Anami był tak przejęty, że go zatkało i ledwie mógł wydobyć głos.
- Ja także doradzani kontynuowanie wojny, chyba że alianci definitywnie przyrzekną zagwarantowanie bezpieczeństwa Waszej Wysokości. - Zakaszlał, żeby przeczyścić gardło. - Ciągle jeszcze mamy szansę na zwycięstwo. A nasz opór może zakończyć tę wojnę co najmniej na lepszych warunkach.
Cesarz spytał o zdanie wszystkich członków gabinetu, ale żaden nie wstał z miejsca. Skinął głową.

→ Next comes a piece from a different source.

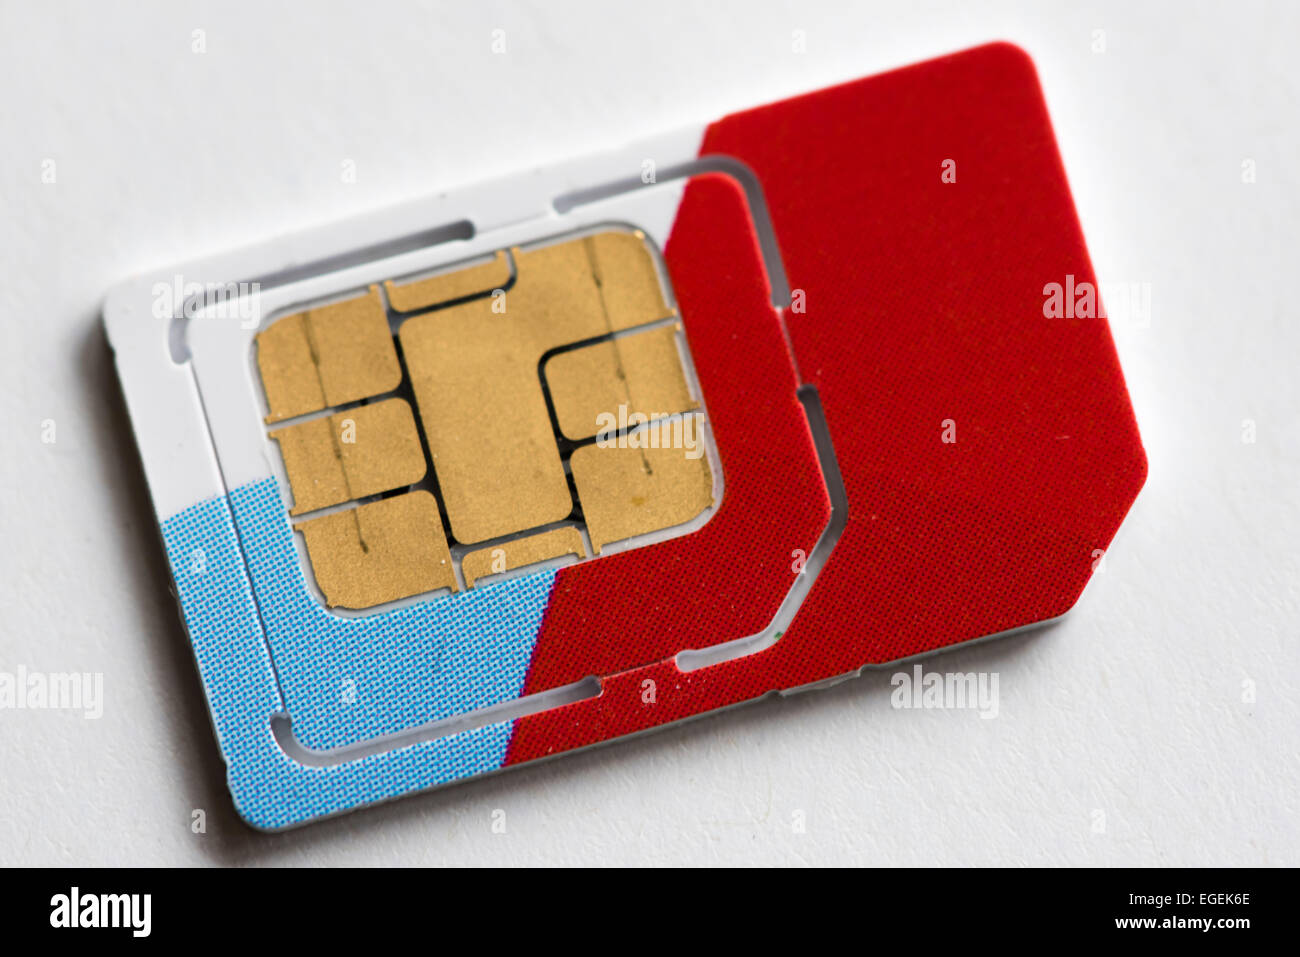 Nahaufnahme von einer SIM-Karte (Subscriber Identity Module Karte) für Mobiltelefone. Stockfoto

- Jeśli nikt już nie ma nić do powiedzenia, wyrażę sąd mój własny. Chcę, żebyście się wszyscy zgodzili z mymi wnioskami. - W komnacie panowała skupiona cisza. - Wnikliwie wysłuchiwałem wszystkich argumentów przeciwnych przyjęciu przez Japonię odpowiedzi aliantów w jej obecnej formie, ale poglądów moich nie zmieniłem. Zapoznałem się ze stanem spraw wewnątrz kraju i w skali międzynarodowej i doszedłem do wniosku, że dalej prowadzić tej wojny nie możemy.

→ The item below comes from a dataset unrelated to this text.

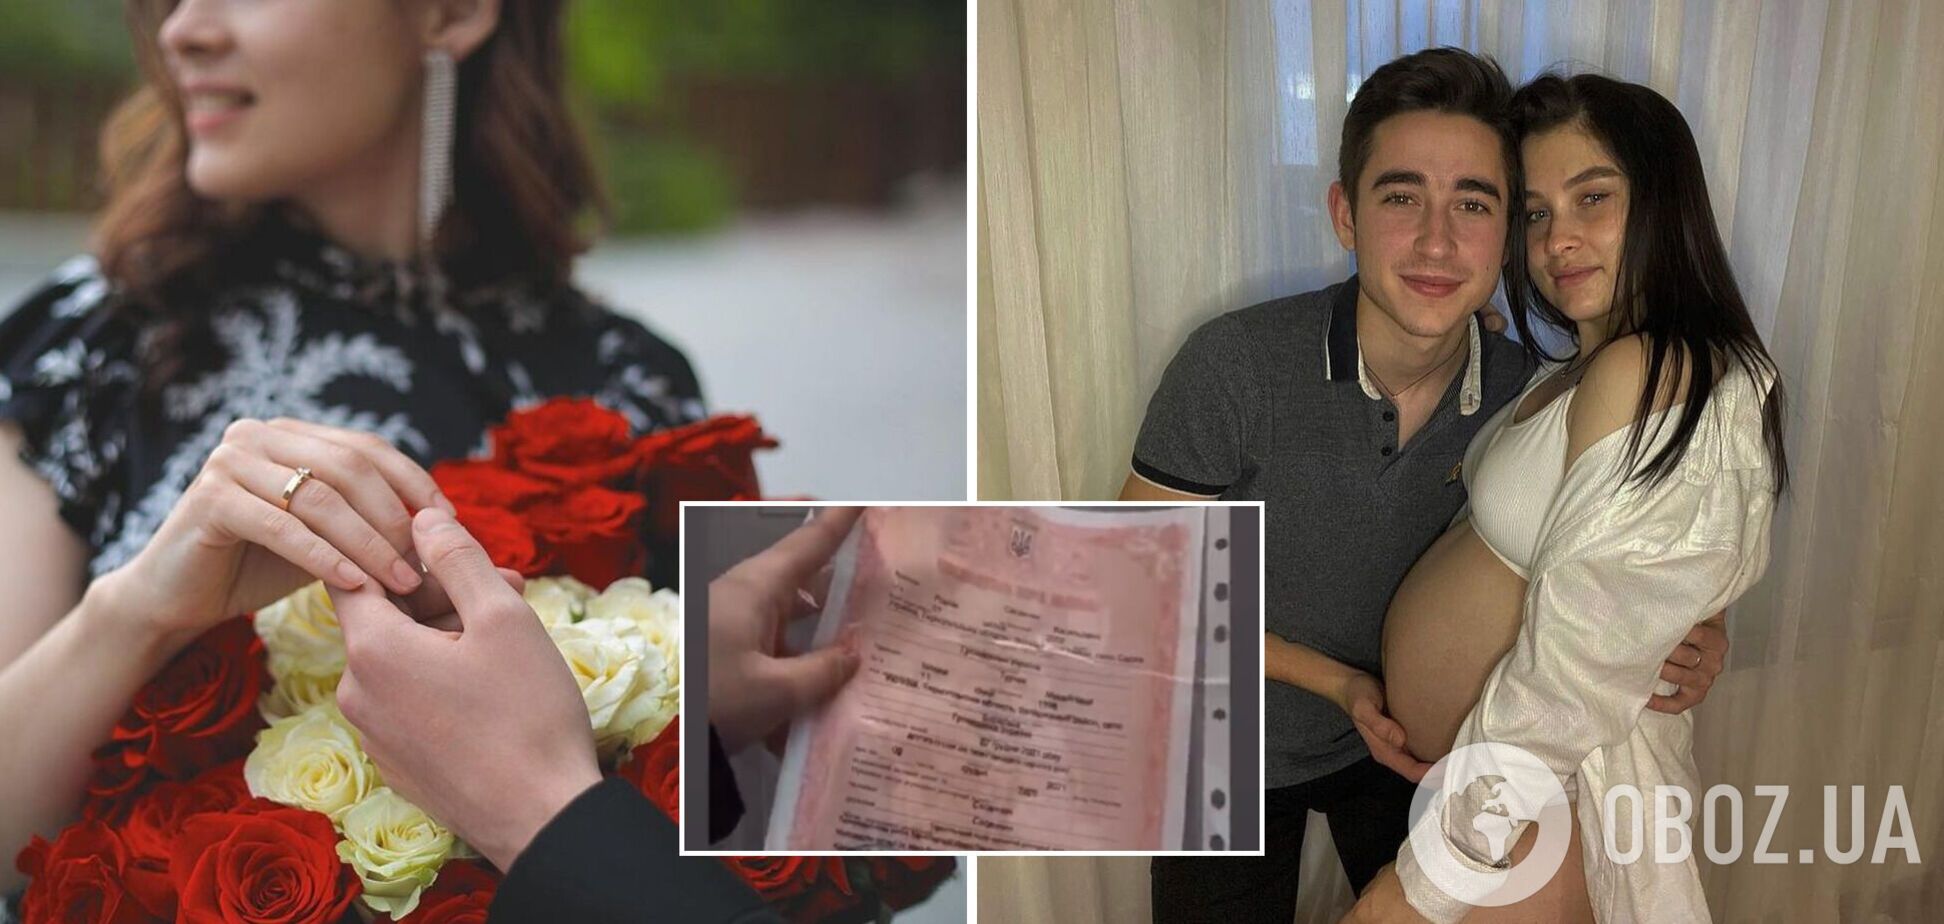 19-летний Роман Сасанчин женился на 23-летней беременной девушке и вот-вот станет папой

Starł urękawiczoną dłonią spływającą mu z policzka łzę. Widok ten załamał kilku uczestników narady i ci nie potrafili pohamować siąkania nosami.
- Zdaję sobie doskonale sprawę z tego, jak trudno przyjdzie lojalnym oficerom i żołnierzom armii i floty składać przed nieprzyjacielem broń, oddawać kraj pod okupację, a być może słuchać oskarżeń o popełnienie zbrodni wojennych. - Spojrzał na ministra wojny, Anamiego. - Anami, domyślam się, że jest to szczególnie trudne dla ciebie, ale musisz to znieść.
Głos mu się załamał, musiał przerwać.
- Tak wielu poległo w walce, a ich rodziny cierpią nadal. - Znowu musiał otrzeć łzę. - Wszystkie te doznania są tak dotkliwe, że nie mogę pozwolić, aby moi poddani cierpieli nadal. Pragnę ratować mój naród, własnym ryzykując życiem.
Umilkł, ponieważ dwaj ministrowie osunęli się na podłogę.
- Ludzie nic nie wiedzą, jaka jest sytuacja i zaskoczy ich moja nagła decyzja. Jestem gotów uczynić wszystko. Jeśli to posłuży narodowi, mogę przemówić przez radio. - Poprosił rząd o niezwłoczne zredagowanie cesarskiego reskryptu ogłaszającego koniec wojny.